Brock part of group that says human activity has sparked a new geologic time period

A Brock University geologist is among a group of researchers who believe humans have impacted the Earth in such a significant way that a new time period needs to be added to the planet’s official geologic timeline.

The use of atomic bombs, oil, coal, fertilizers, greenhouse gases and other products have changed the Earth so much that the very working of the planet has altered, which launches Earth prospectively into a new geologic epoch, an international expert working group announced August 29.

Recent sedimentary deposits worldwide contain new minerals and rock types formed from human-made materials, making them part of a distinct epoch — or time period— the Anthropocene Working Group (AWG) said at the International Geologic Congress being held in Cape Town, South Africa.

Martin Head

Martin Head

“The take-home message here is that humans have irreversibly changed our planet in a profound way,” says Brock University geologist Martin Head, who is one of 35 scientists in the working group.

“Whether we survive as a species or not, we will have left an indelible mark in the geological record.”

Humans have been impacting the Earth’s surface for many thousands of years, beginning with the rise of agriculture and increasing in intensity during the Industrial Revolution of the 18th century. But never have these changes been seen in the planet’s rock record. Until 1950.

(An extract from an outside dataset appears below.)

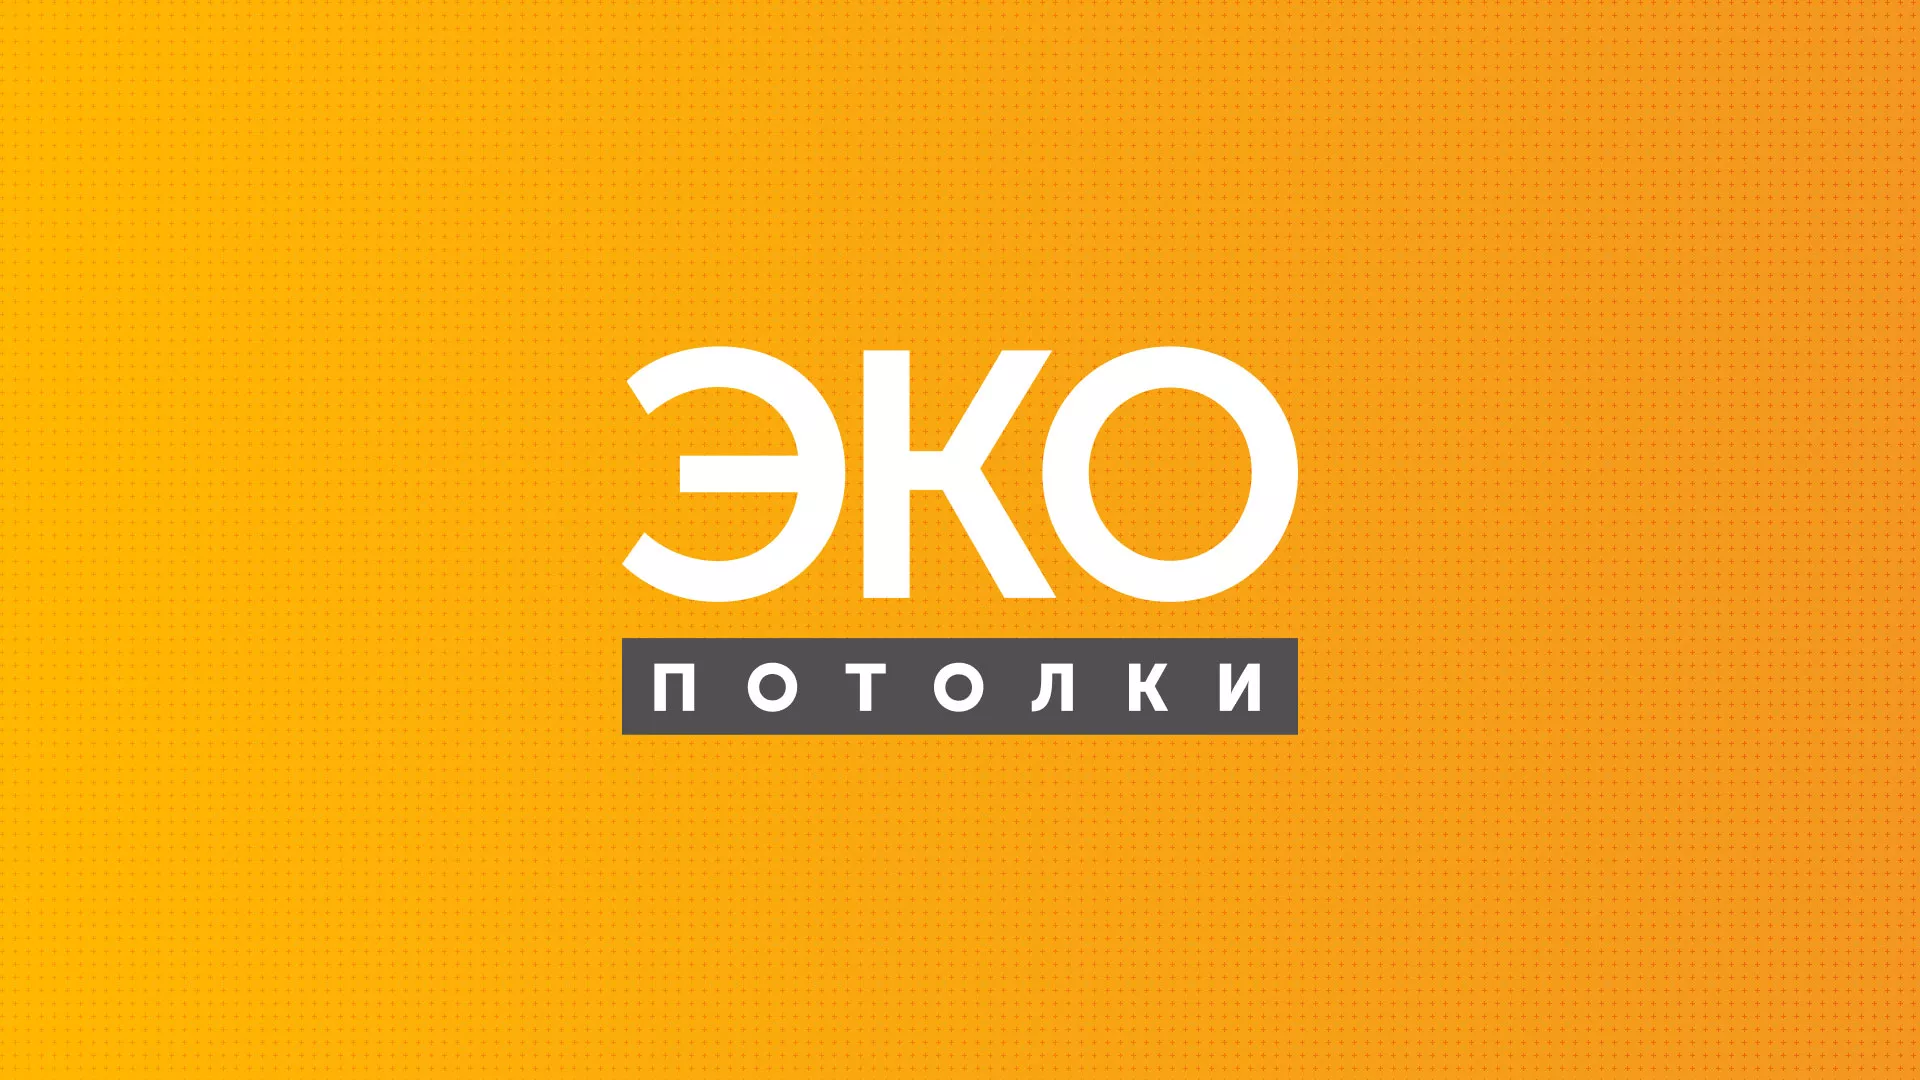 Разработка сайта по натяжным потолкам «Эко Потолки» в Томске

To define a new geologic epoch, scientists must establish a so-called “golden spike,” an internationally agreed-upon reference point in a section of rock or sediment layers that signals the beginning of a new episode in the geologic time scale.

In defining past epochs, the traces left by natural disasters such as asteroid collisions or volcanic eruptions have been used for these reference points.

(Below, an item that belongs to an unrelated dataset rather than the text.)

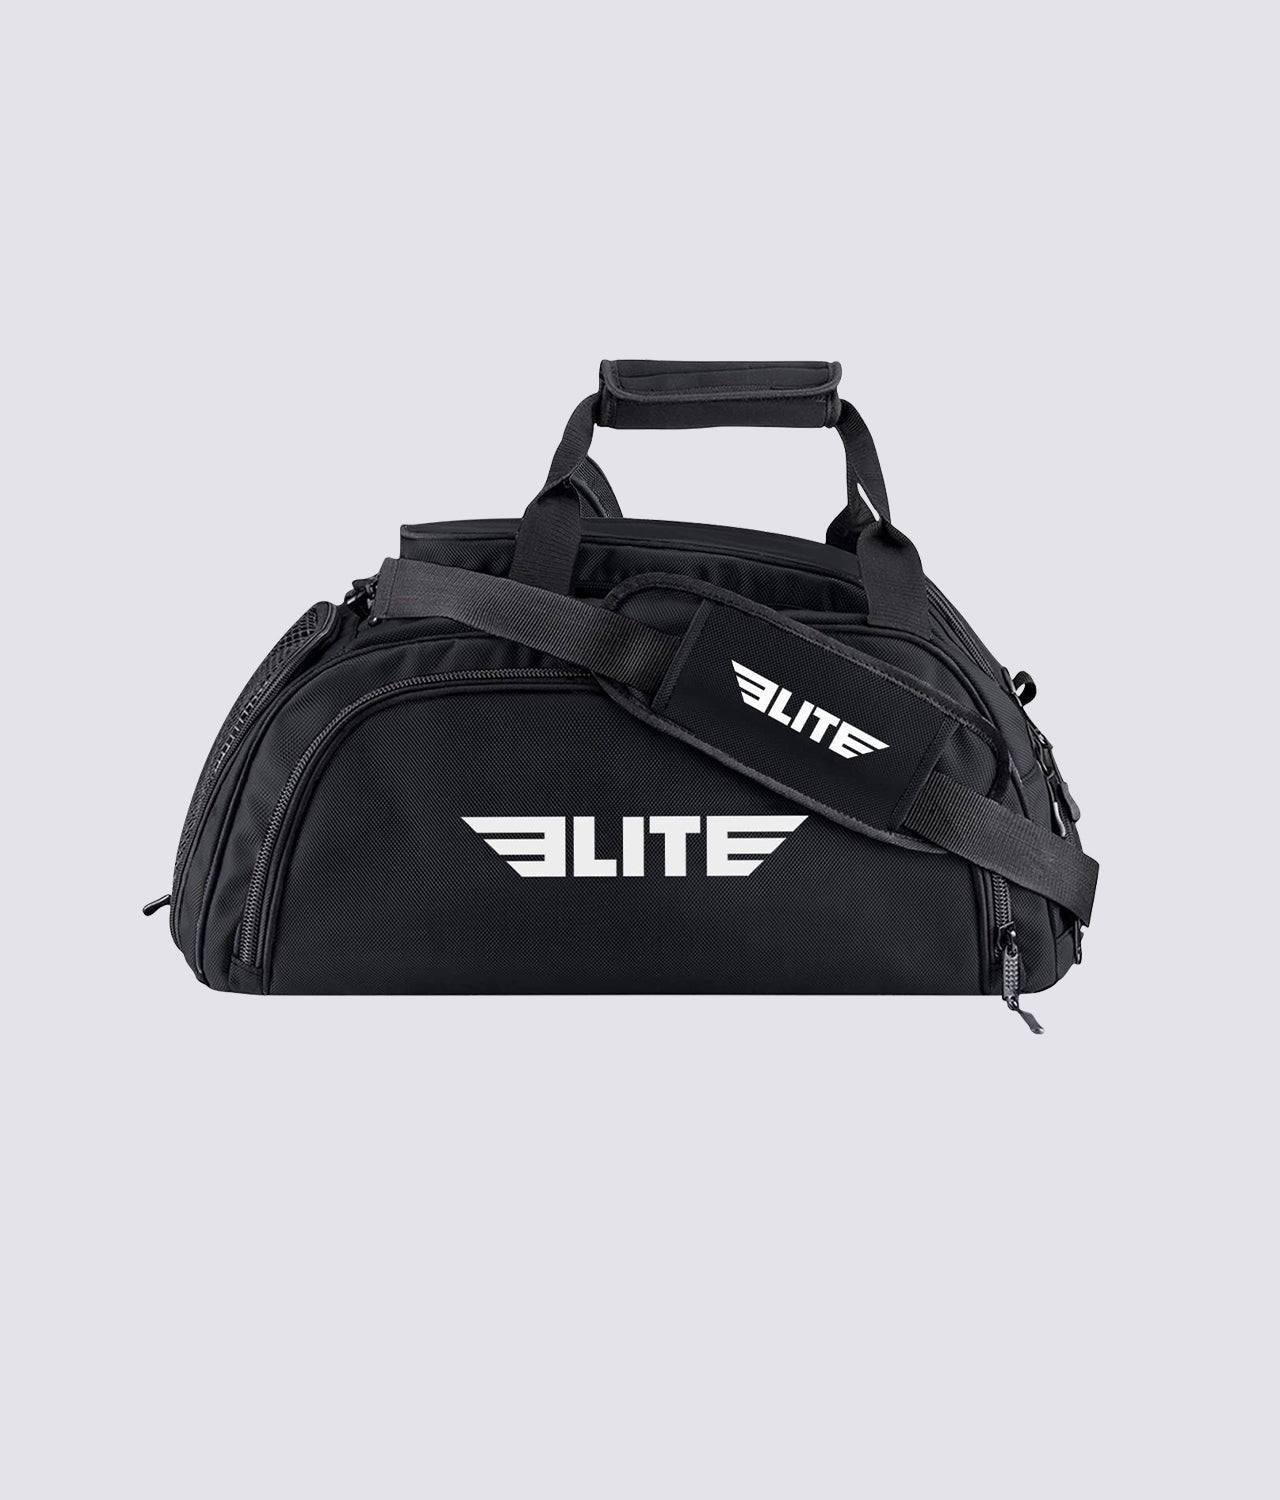 Elite Sports Warrior Black Large Duffel Training Gear Gym Bag

“The starting point should be a signal in the ‘rock’ record that is recognizable globally,” explains Head, professor in Brock’s Department of Earth Sciences.

“The rise of plutonium 239 in the early 1950s seems to give the best global signal,” says Head. “It arises from increasing aboveground nuclear weapons testing at this time. It declined in the early 1960s with the Partial Test Ban Treaty in 1963.”

The release of plutonium from atomic bombs detonated in the 1940s and 50s coincides with what scientists call “the Great Acceleration,” a marked upturn in indicators of population growth, industrialization, and globalization, just after the Second World War.

According to research published January 2016 in the journal Science, the dissemination of black carbon, inorganic ash spheres and other byproducts from fossil fuel combustion shot up in all areas of the globe around 1950.

Polychlorinated biphenyls (PCBs) and polyaromatic hydrocarbons from fertilizer production and use, and contaminants from leaded gas, are also among pollutants found in recent deposits.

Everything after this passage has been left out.